## Brief
With pictures left out, return only the lines from the line containing "Scrutiny Review of Cycling in East Sussex" through the end of the material below, both included.
—————
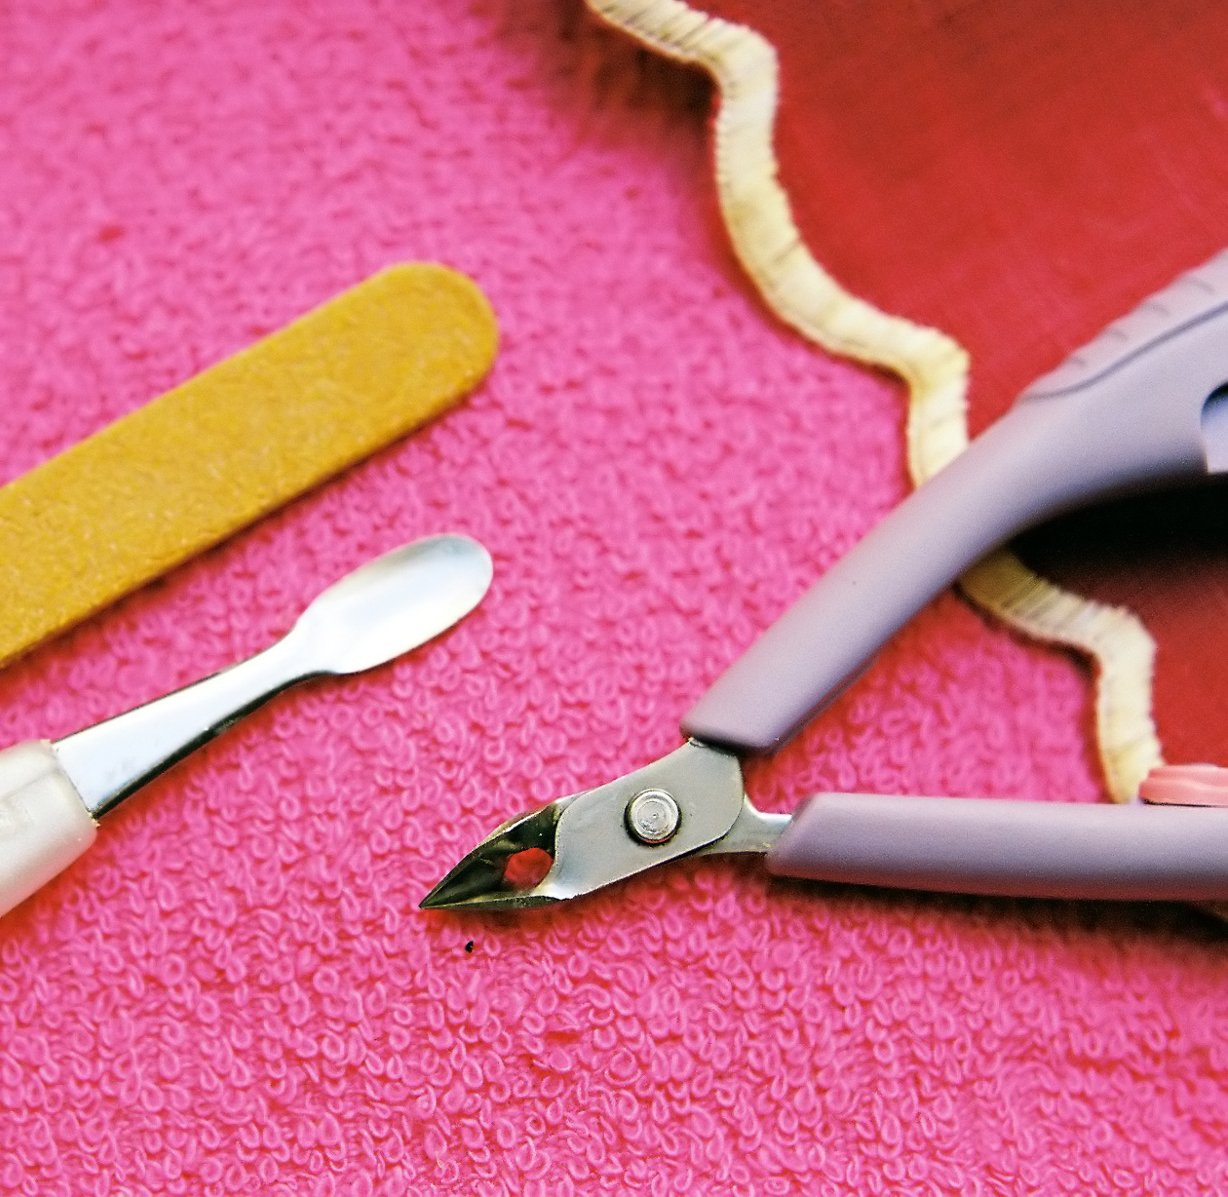 a pair of scissors on the floor next to a piece of fabric
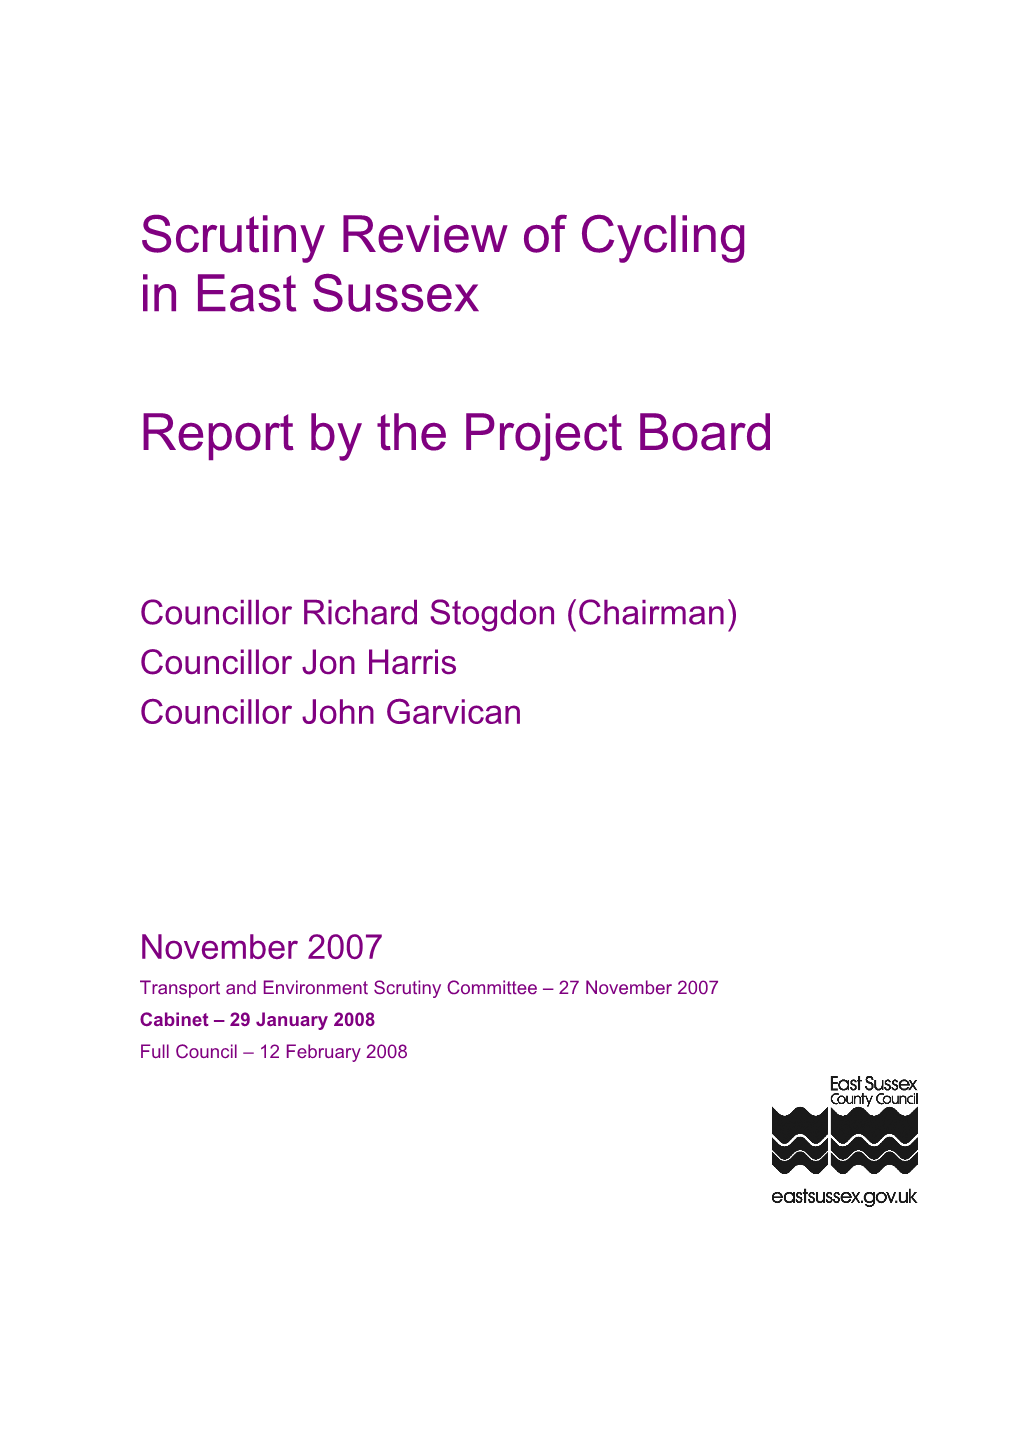 Scrutiny Review of Cycling in East Sussex
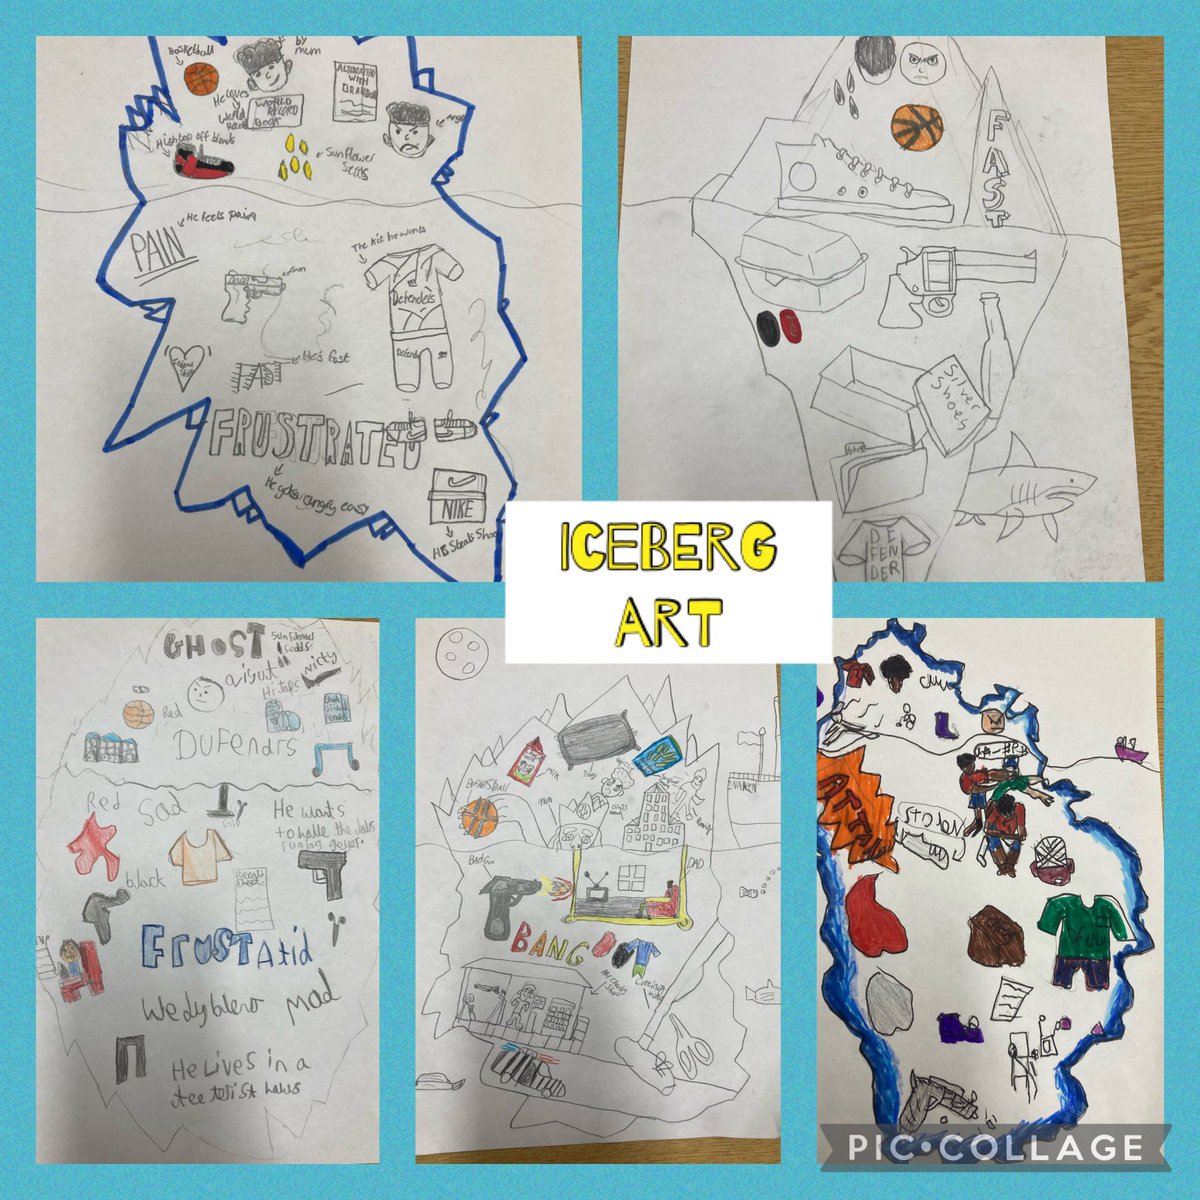 Blwyddyn 6 have been developing their #empathy and creative skills to create iceberg art - representing the character of Ghost #EnterprisingCreativeContributors
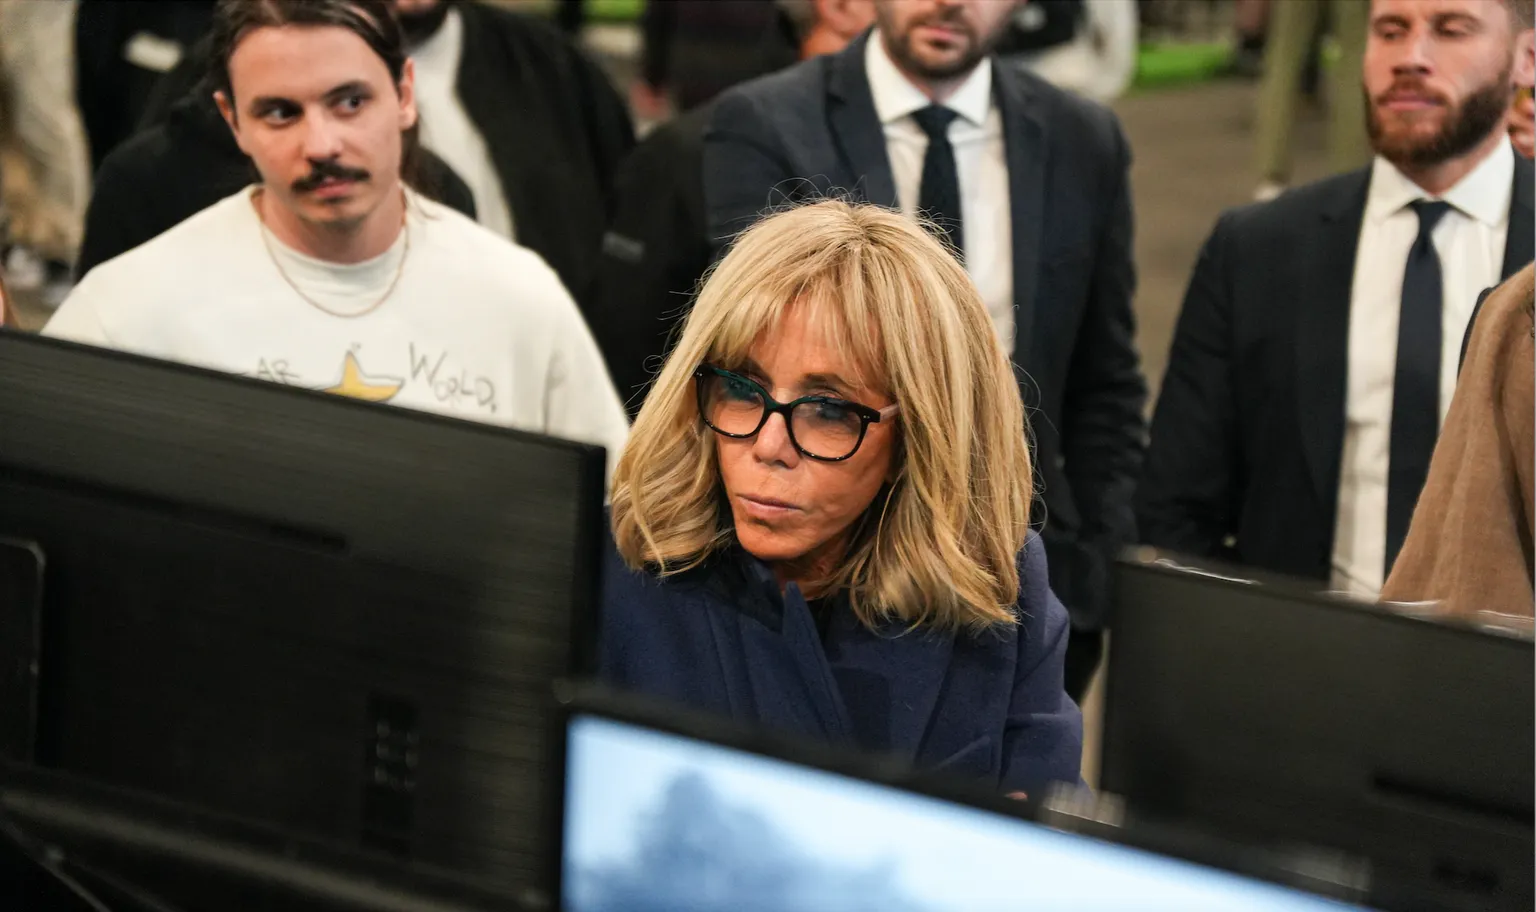 Brigitte Macron checks out a booth at NFT Paris on February 24, 2023 as NFT Paris Co-founder Alexandre Tsydenkov looks on. (Image: LA FRENCH IMAGERIE)
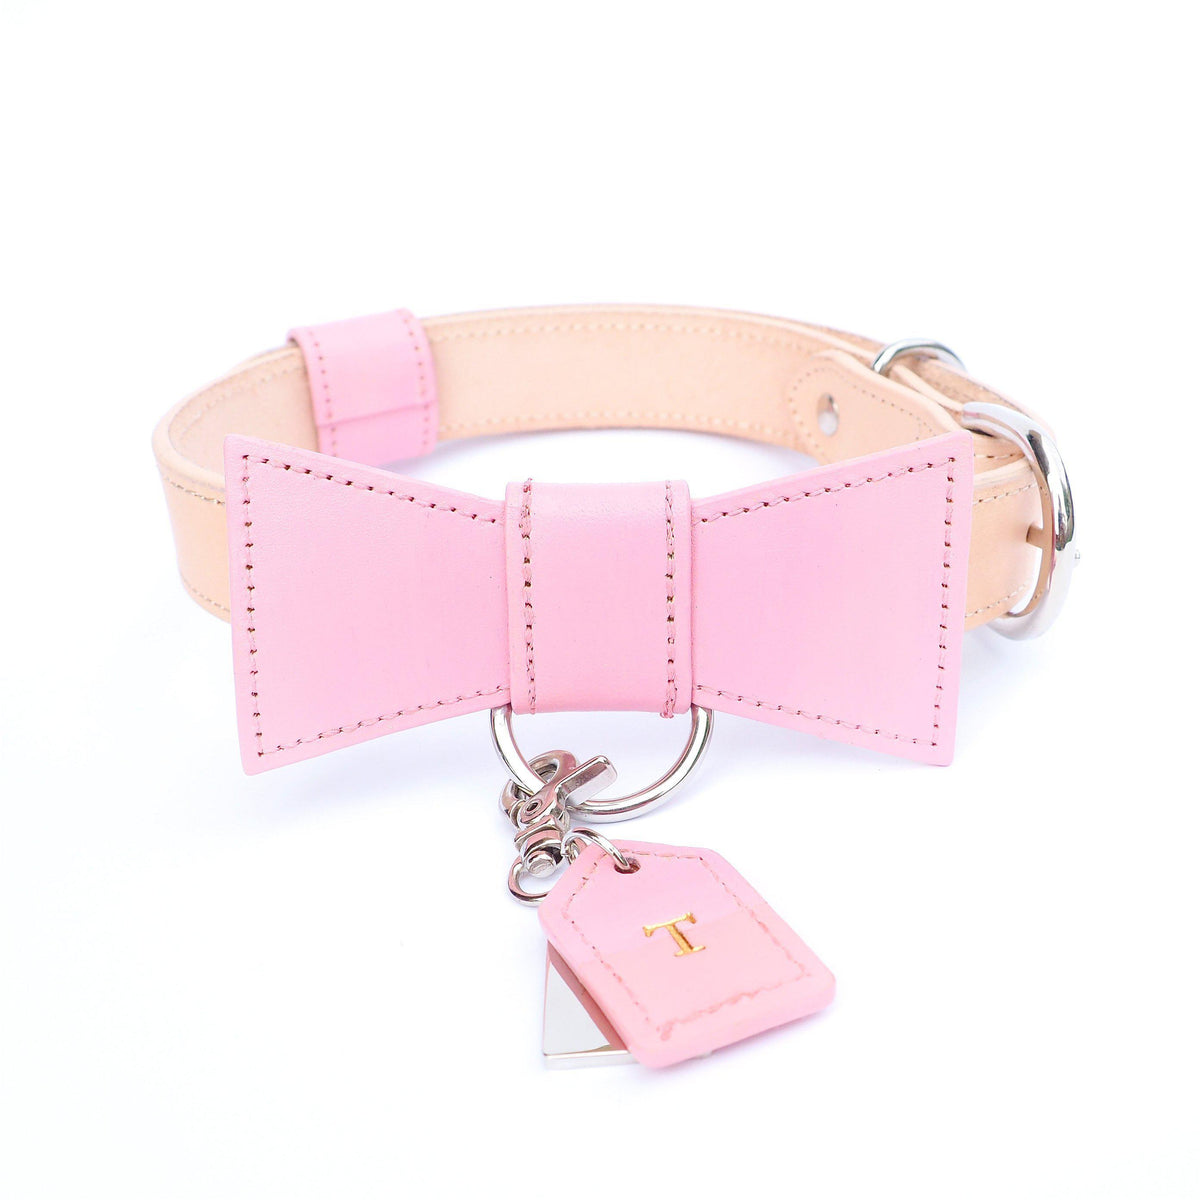 Baby Pink Custom Leather Dog Collar with Bow Tie and Monogram - Bespoke Leather Dog Collar Made in Australia
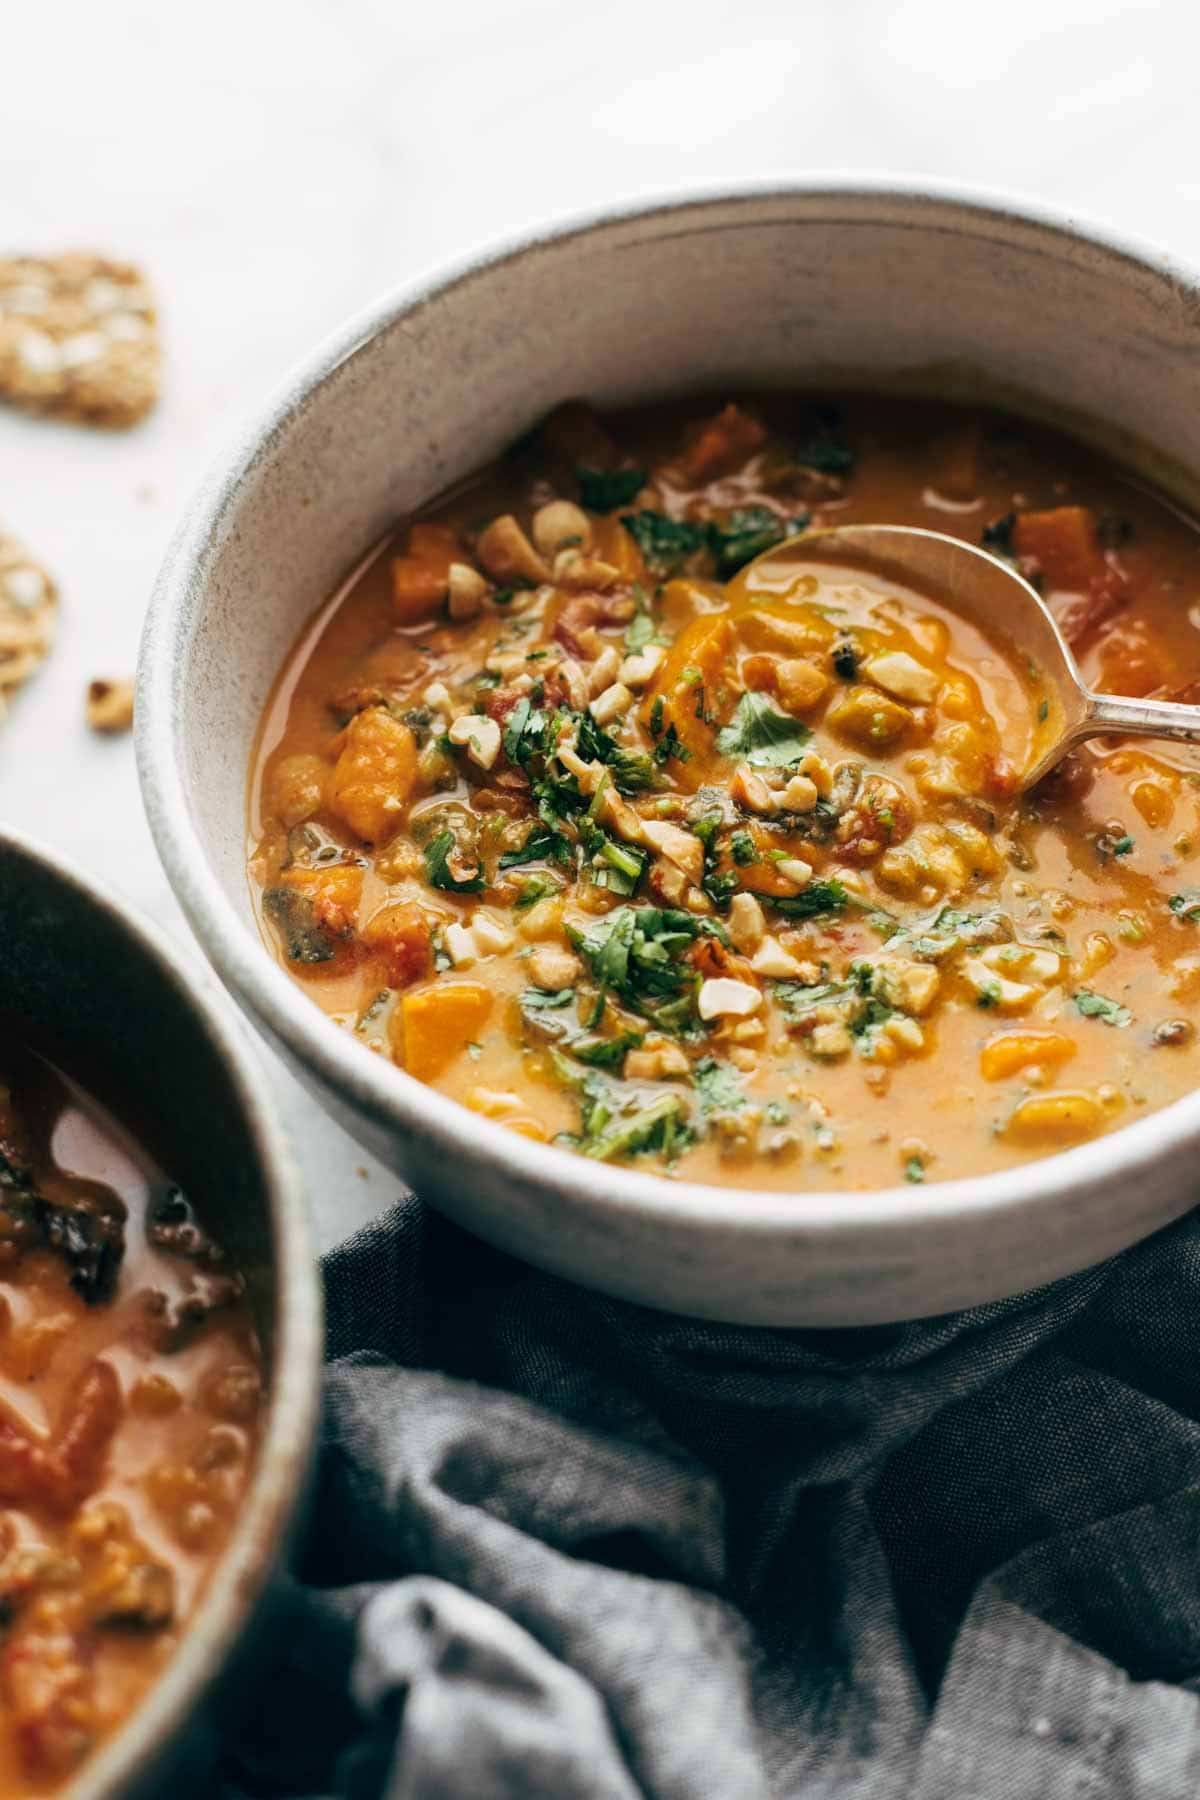 Spoonful of Spicy Peanut Soup.
—————
## Task result
 Scrutiny Review of Cycling in East Sussex
 Blwyddyn 6 have been developing their #empathy and creative skills to create iceberg art - representing the character of Ghost #EnterprisingCreativeContributors
 Brigitte Macron checks out a booth at NFT Paris on February 24, 2023 as NFT Paris Co-founder Alexandre Tsydenkov looks on. (Image: LA FRENCH IMAGERIE)
 Baby Pink Custom Leather Dog Collar with Bow Tie and Monogram - Bespoke Leather Dog Collar Made in Australia
 Spoonful of Spicy Peanut Soup.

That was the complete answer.